Prince William County, Virginia news outlet insidenova.com has published an article by Jill Palermo titled "New police chief seeks more officer diversity."

Palermo reports that Chief of Police Barry M. Barnard is seeking to diversify his workforce. Whites comprise only 45% of the county's population, but nearly 80% of the police force. According to Wikipedia, in 2012, Prince William County "had the seventh highest income of any county in the United States."

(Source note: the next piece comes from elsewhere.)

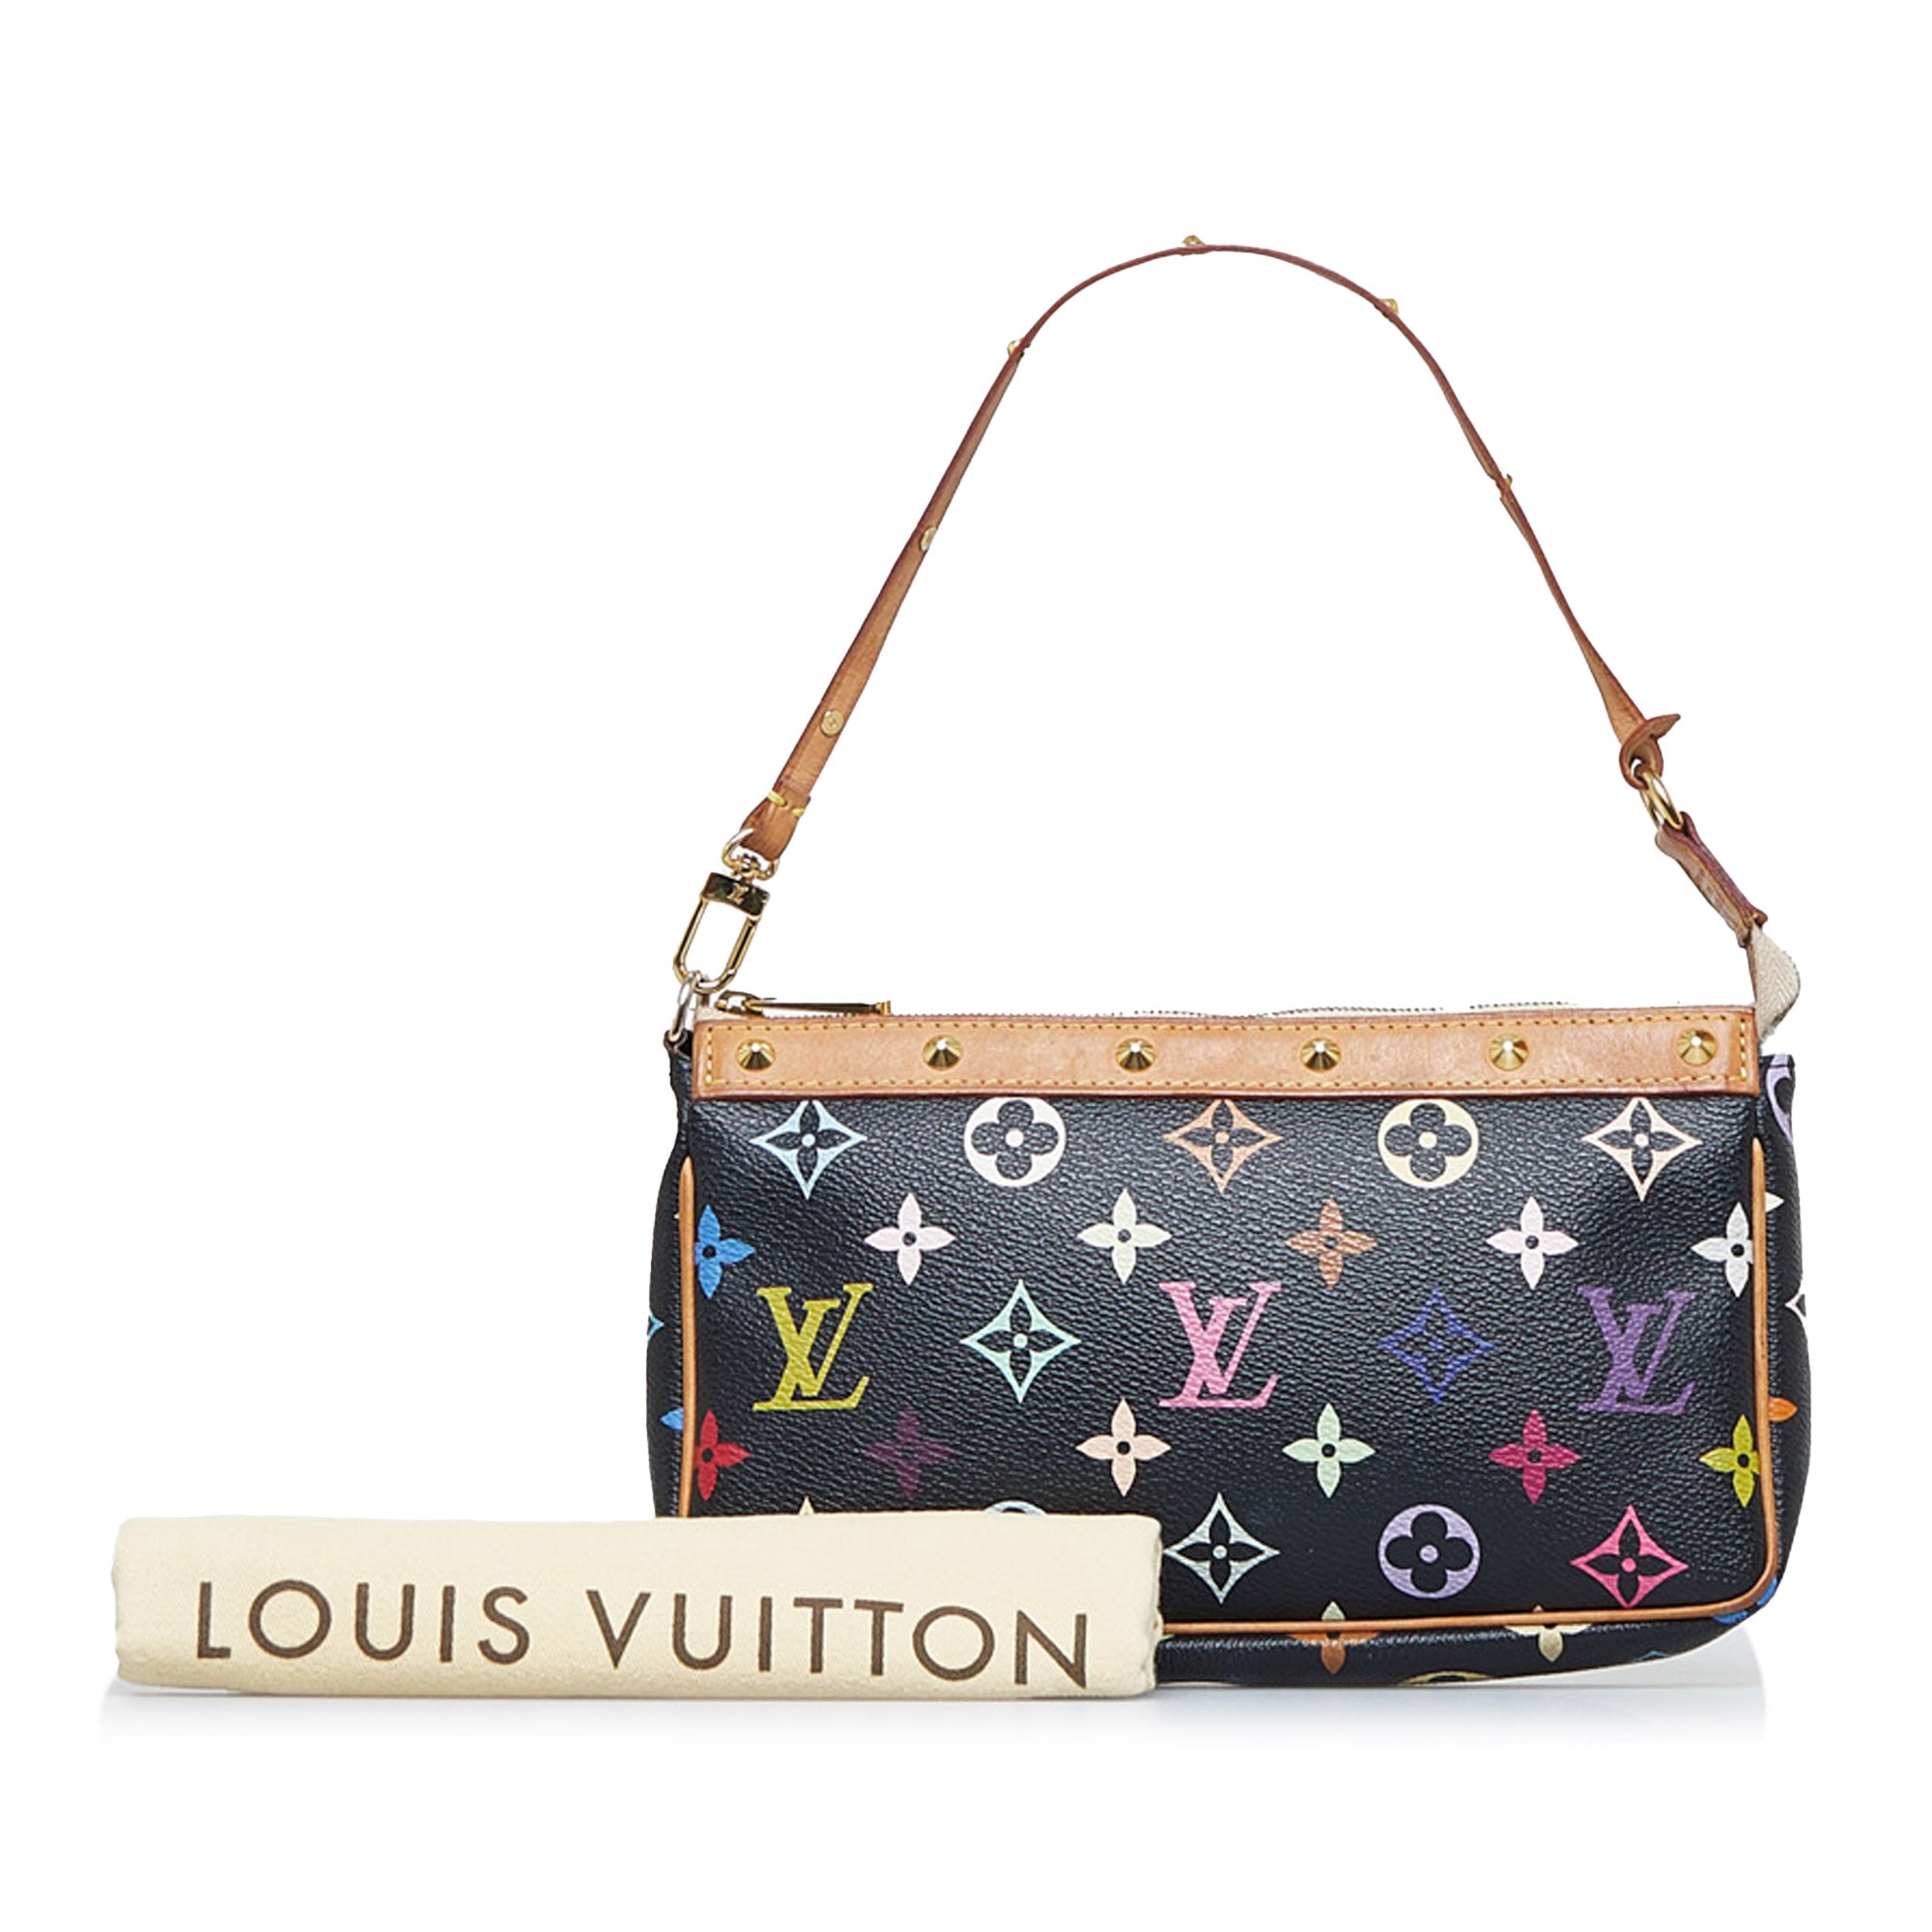 Louis Vuitton - Authenticated Multi Pochette Accessoires Handbag - Leather Brown for Women, Very Good Condition

But most applicants, nearly three quarters of them who make it as far as the polygraph, are eliminated by it. The commander of the PWCPD personnel bureau describes the polygraph as the department's primary means  of evaluating integrity. Those considering employment with the Prince William County Police should ponder the integrity of a department that relies on scientifically baseless means to brand three quarters of applicants as liars.

Chief Barnard should scrap the polygraph and rely instead on background investigations. There is no evidence that polygraph screening improves the integrity of a law enforcement agency. For example, state and local law enforcement agencies are barred from polygraphing applicants in the states of Massachusetts, Michigan, Minnesota, New Jersey, and Oregon. But there's no evidence that these states have more corrupt cops than states like Virginia, Texas, and Florida, where polygraph screening is widely required.

By embracing the pseudoscience of polygraphy, Barnard is unjustly screening out qualified applicants like this one.

Quote:
http://www.insidenova.com/headlines/new-prince-william-police-chief-seeks-more-o...

New Prince William police chief seeks more officer diversity

Jill Palermo

During a series of community meetings in the wake of recent police-involved shootings in Louisiana, Minnesota and Texas, Prince William County’s new police chief talked openly this month about a problem that has long beset the organization he leads.

The police department doesn’t look like majority-minority Prince William County.

According to the most recent U.S. Census estimates, Prince William is 45 percent white and 55 percent black, Hispanic and Asian. Its police department, however, is nearly 80 percent white.

Prince William Police Chief Barry Barnard, just promoted to the job five weeks ago, calls the disparity “a challenge.”

During a community forum Monday at the predominantly African-American First Mount Zion Baptist Church in Dumfries, Barnard asked for the community’s help to recruit minority candidates and emphasized that the department is “always hiring.”

“I’m going to just put this right out there. It’s important that police departments across America represent the people they serve. And one way to do that is to reflect the community that makes up our population,” Barnard said.

“As we all know, Prince William County is a very diverse community... It’s one of our strengths. We’re delighted about that,” he continued. “I know what the diversity is in Prince William County, and we’re not where we need to be.”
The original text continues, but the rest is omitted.